C ++随机数生成 [英] C++ random number generation
问题描述
例如,以下表达式:
r = (rand() % 10)+1;
从1-10
生成一个随机数.
如何使它从0-10
生成随机数?
How can we make it generate random numbers from 0-10
?
谢谢.
推荐答案
您快到了! rand()
函数返回一个相当大范围(0到RAND_MAX
)的随机值.使用模数运算符可以将此范围缩小到一个较小的范围(从0到9,因为您要乘以10),然后+1将此范围从1移到10.
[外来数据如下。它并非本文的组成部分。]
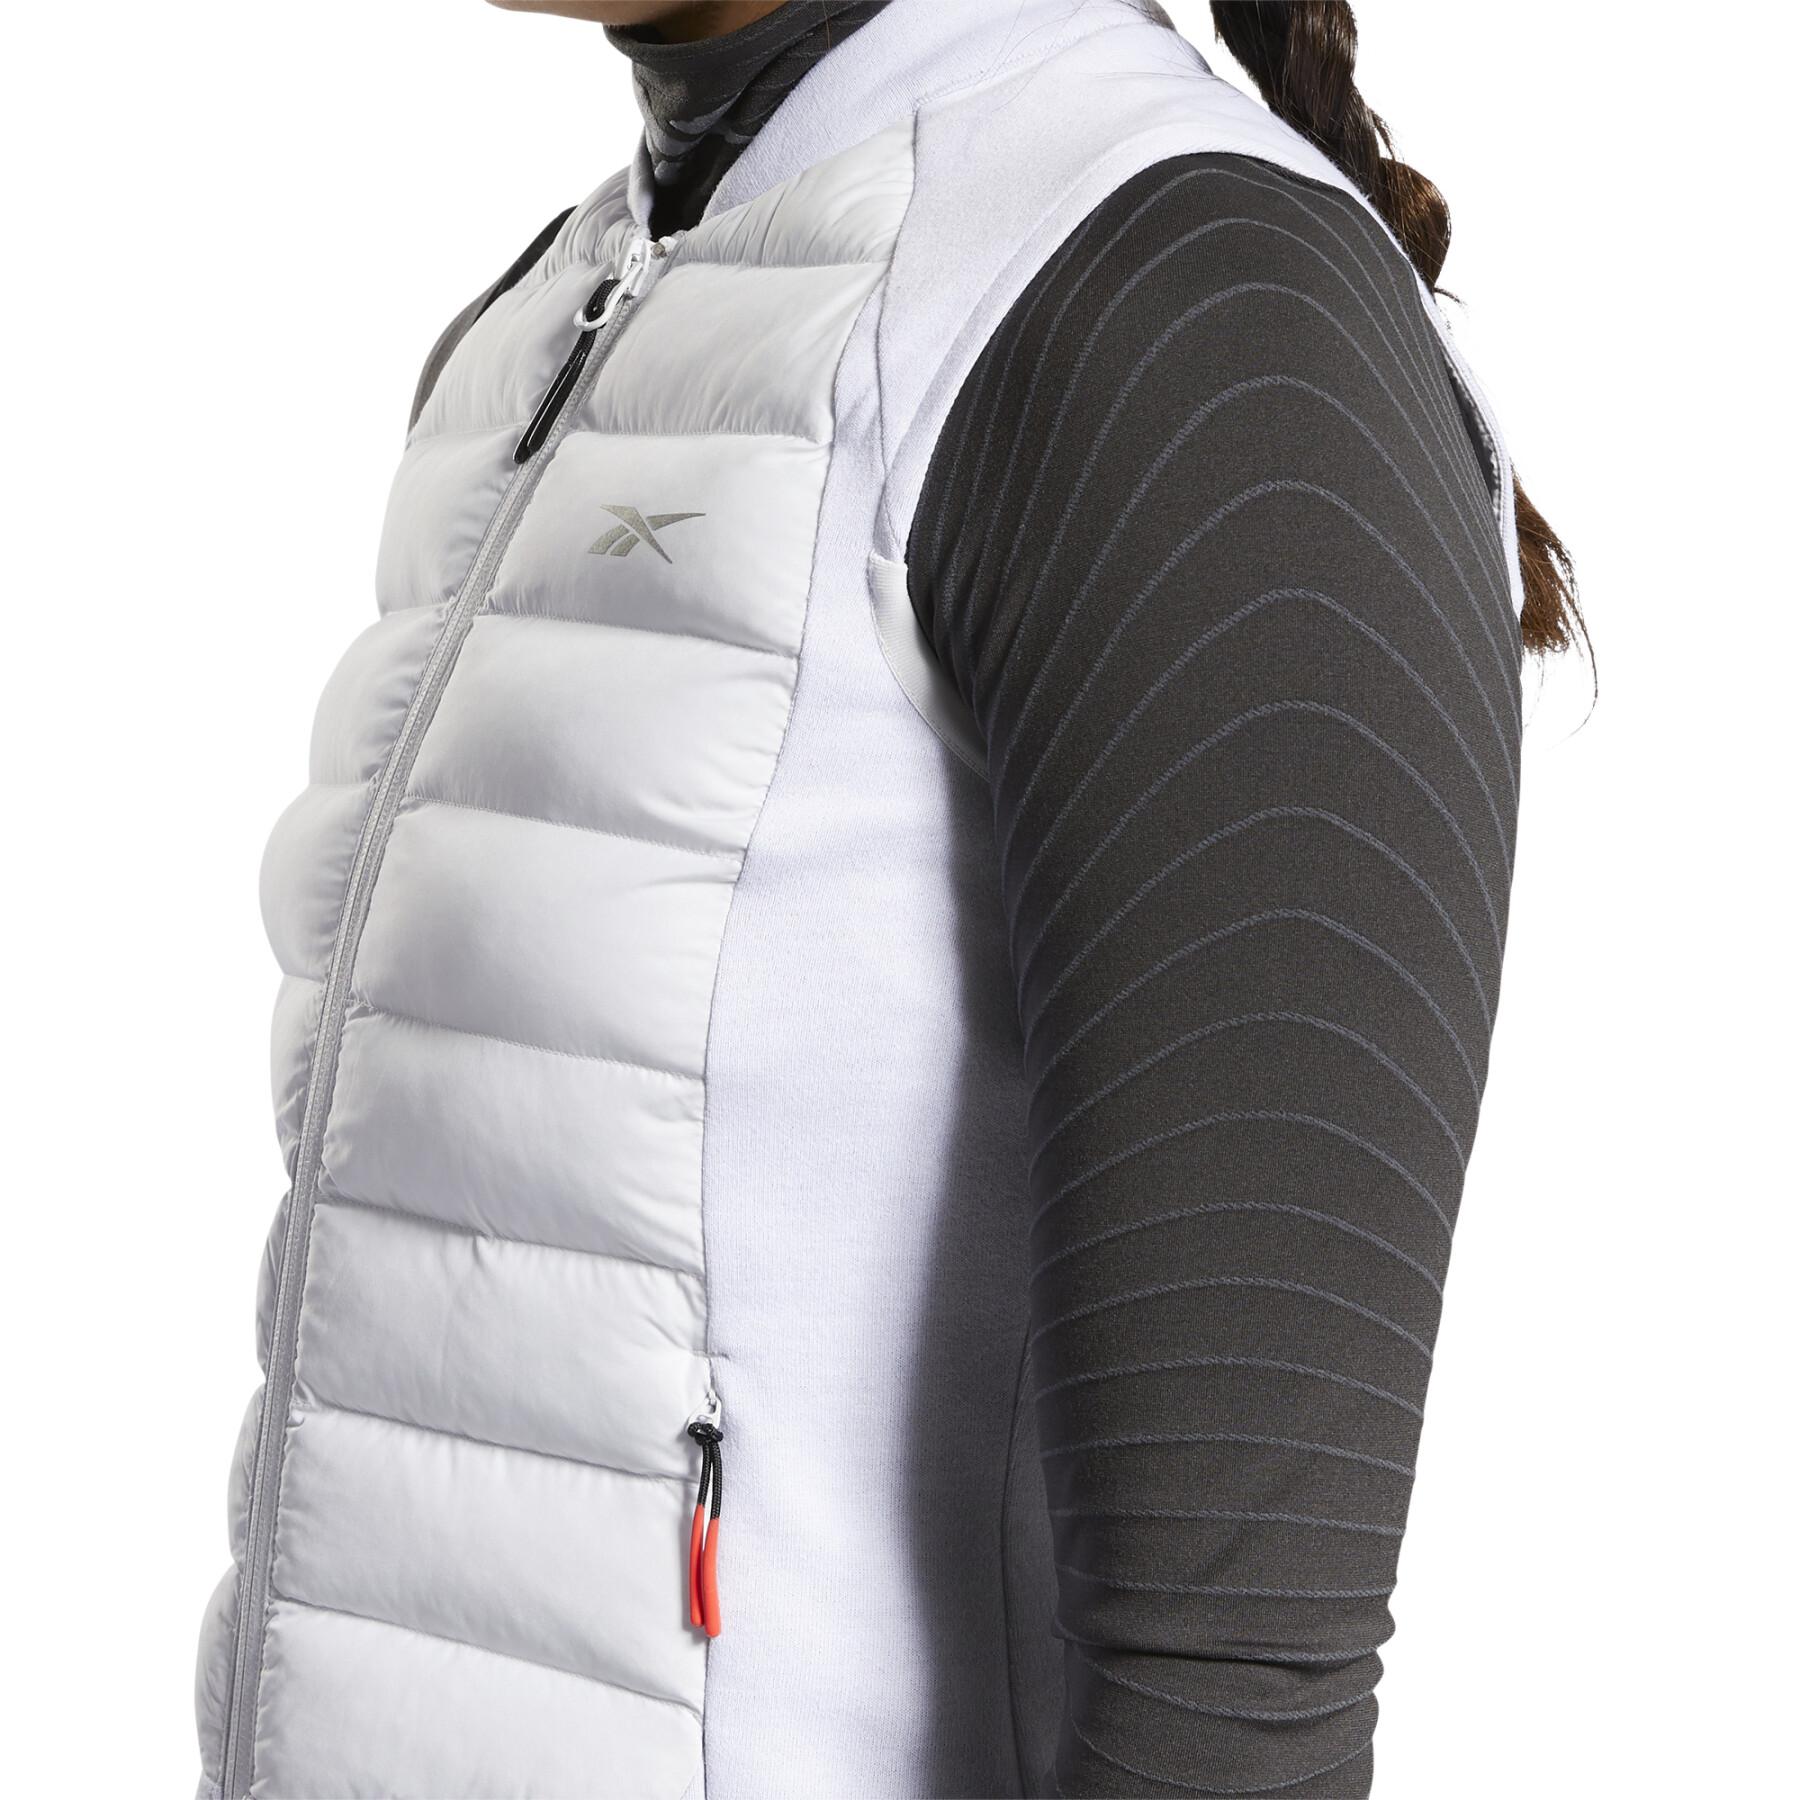 Women's sleeveless jacket Reebok DMX Training Hybrid

You're almost there! The rand()
function returns a random value in a pretty large range (0 to RAND_MAX
). The use of the modulus operator wraps this down into a smaller range (from 0 to 9, since you're modding by 10) and then the +1 moves this to be from 1 to 10.
要获取0到10之间的值,可以使用rand
并将其值修改为11:
To get values between 0 and 10, you can take rand
and mod its value by 11:
r = rand() % 11;
通常,要获得[0,n]范围内的随机值,您可以编写
More generally, to get random values in the range [0, n], you can write
r = rand() % (n + 1);
最后,要获得[k,n + k]范围内的值,您可以编写
And finally, to get values in the range [k, n + k], you can write
r = rand() % (n + 1) + k;
当然,正如纯粹主义者指出的那样,这不一定会给您真正统一的值,因为将rand()
修改为某个值将不会平均分配所有整数.通常这不是问题(您将获得非常非常小的数量),但是如果是这样,则可能需要考虑使用一个比rand()
更强大的随机数生成器.
Of course, as purists will point out, this isn't necessarily going to give you truly uniform values because modding rand()
by some value will not distribute all the integers evenly. This usually isn't a problem (you'll be off by a very, very small amount), but if it is you may want to consider looking into a more robust random number generator than rand()
.
这篇关于C ++随机数生成的文章就介绍到这了,希望我们推荐的答案对大家有所帮助,也希望大家多多支持IT屋!